Transcriptome analyses of sex differential gene expression in brains of rare minnow (Gobiocypris rarus) and effects of tributyltin exposure.

RNA-sequencing was used to identify sex-biased gene expression in brains of rare minnow (Gobiocypris rarus) by comparing transcriptomic profiles between females and males. Furthermore, transcriptomic responses to 10 ng/L tributyltin (TBT) in both male and female brains were also investigated to understand whether TBT affects the identified sex-biased genes. Differentially expressed genes (DEGs) were identified using the IDEG6 web tool. In this article, we presented male- and female-biased DEGs, and up-regulated and down-regulated DEGs after TBT exposure. The raw reads data supporting the present analyses has been deposited in NCBI Sequence Read Archive (SRA, http://www.ncbi.nlm.nih.gov/Traces/sra) with accession number PRJNA376634. The data presented in this article are related to the research article entitled "Transcriptomic analyses of sexual dimorphism of rare minnow (G. rarus) brains and effects of tributyltin exposure" (doi: 10.1016/j.ecoenv.2018.02.049).

Specifications table

Value of the data

The data show brain differentially expressed genes between male and female rare minnow, which could provide key information on the molecular basis of brain sexual dimorphism in fish.

The sexually dimorphic gene could provide valuable resources for investigating molecular mechanisms of sexual plasticity in response to environmental influences.

Analysis of the brain differentially expressed genes after tributyltin exposure would help to understand the molecular mechanisms of tributyltin toxicity.

Data

Brain transcriptome sequencing from control and tributyltin (TBT) exposed rare minnows was performed. The dataset of this article comprises 5 data files that generated from the differential gene expression analysis. The significantly differentially expressed genes (DEGs) in comparisons of Female vs. Male are presented in File 1. The DEGs in comparisons of Control vs. TBT in female fish are presented in File 2. The DEGs in comparisons of Control vs. TBT in male fish are presented in File 3. Among the sex-biased DEGs, the up- or down-regulated DEGs in female fish after TBT exposure are presented in File 4. The up- or down-regulated sex-biased DEGs in male fish after TBT exposure are presented in File 5.
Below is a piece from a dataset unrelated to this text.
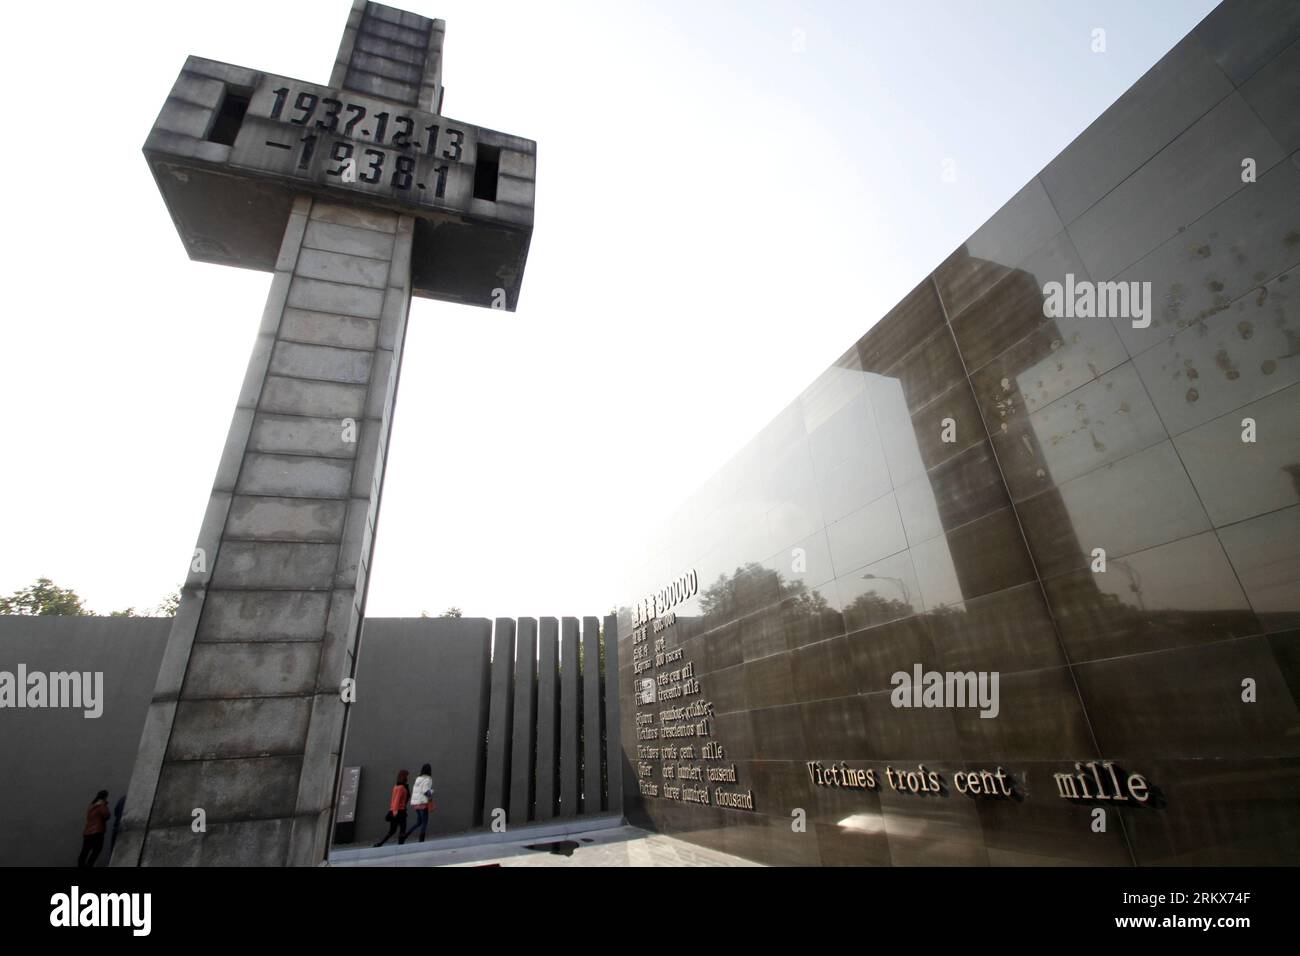 Bildnummer: 58906422  Datum: 11.12.2012  Copyright: imago/Xinhua (121211) -- NANJING, Dec. 11, 2012 (Xinhua) -- visit the Memorial Hall of the Victims in Nanjing Massacre by Japanese Invaders during the World War II in Nanjing, capital of east China s Jiangsu Province, Dec. 11, 2012. A series of memorial activities will be held to commemorate the 75th anniversary of the Nanjing Massacre that left some 300,000 Chinese dead when the Japanese occupied Nanjing on Dec. 13, 1937 and began a six-week massacre. (Xinhua/Dong Jinlin) (mp) CHINA-NANJING-MASSACRE-75TH ANNIVERSARY-MEMORIAL ACTIVITIES (CN) Stock Photo

Experimental design, materials, and methods

Chemicals and experimental species

The adult rare minnows were sex-separated and randomly assigned into glass tanks and exposed to TBT at nominal concentrations of 10 ng/L (84 pmol/L) or only equal volume of the solvent (1 μL/L 95% ethanol) as control for 60 d. At the end of the exposure, the brains were dissected out and used for Illumina sequencing.

Illumina sequencing

Three samples from the control or TBT exposure group were used for RNA isolation, as described in [1]. Sequencing was performed on Illumina HiSeq. 2500. The mRNA sequencing library was constructed as described previously [2]. High-quality reads (quality percentage value ≥ Q30%) were de novo assembled using the Trinity program [3]. Putative functions of unigenes were identified using BLAST (E-value ≤10−5) against public database including National Center for Biotechnology Information non-redundant protein database, Swiss-prot database, Clusters of Orthologous Groups, Gene Ontology, and Kyoto Encyclopedia of Genes and Genomes databases.

Identification of DEGs

The gene expression was measured as reads per kilo base of transcripts per million (RPKM) according to the method described in Mortazavi et al. [4]. Detection of DEGs was performed by the IDEG6 web tool [5], and the results of all statistical tests were corrected by multiple testing with the Benjamini-Hochberg false discovery rate control (FDR < 0.01). Genes were defined as differentially expressed by parameters of FDR < 0.01 and the absolute value of the log2 ratio ≥ 1.

Subject area	Biology
More specific subject area	Aquatic toxicology
Type of data	Excel files
How data was acquired	High-throughput RNA-sequencing
Data format	Filtered and analyzed with statistical tests
Experimental factors	The adult rare minnows (Gobiocypris rarus) were exposed to 10 ng/L of tributyltin or only equal volume of the solvent (1 μL/L 95% ethanol) as control, after 60 d the brains were sampled and frozen
Experimental features	RNA was isolated from the brains and sequencing was performed on the Illumina HiSeq. 2500 platform. Differential gene expression analysis was performed by the IDEG6 web tool.
Data source location	N/A
Data accessibility	Analyzed datasets are contained within this article. Raw data was deposited in the NCBI database Sequence Read Archive under accession number PRJNA376634.